▶ **RAW DATA**:
-.-.-

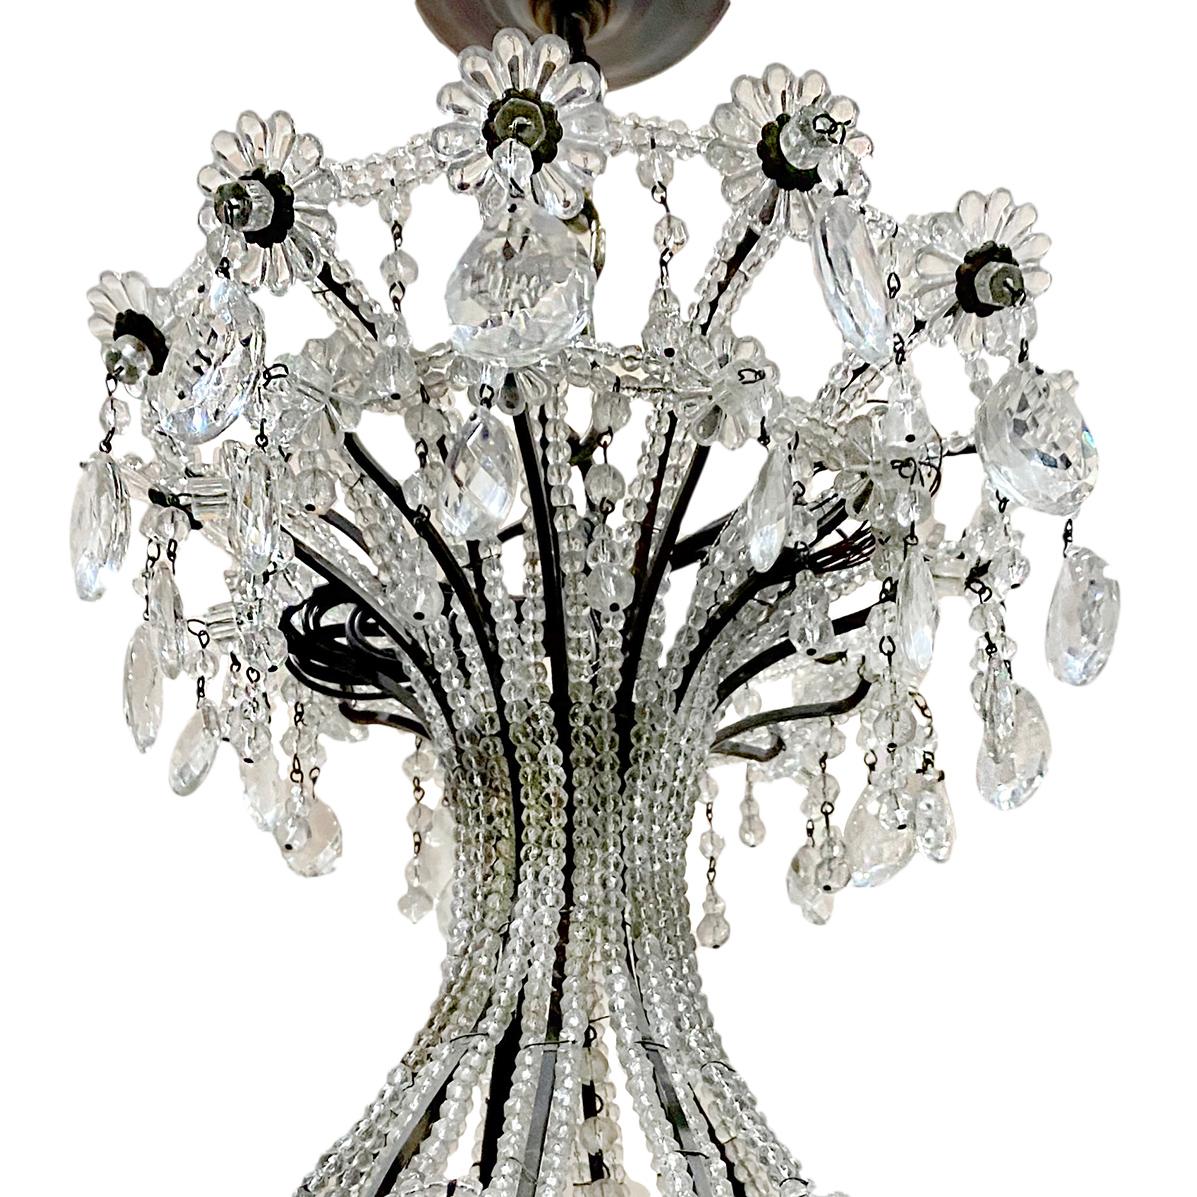 Ein großer französischer Perlenleuchter mit zwölf Lichtern aus der Zeit um 1920 mit Kristalleinsätzen am Korpus und aufgesetzten Kristallblumen.

Abmessungen:
Stromabfall: 46

-.-.-

▶ **ACTION ITEM**:
With the pictures left out, return the listing above exactly as it stands.

▶ **WRITTEN REPLY**:
 Ein großer französischer Perlenleuchter mit zwölf Lichtern aus der Zeit um 1920 mit Kristalleinsätzen am Korpus und aufgesetzten Kristallblumen.

Abmessungen:
Stromabfall: 46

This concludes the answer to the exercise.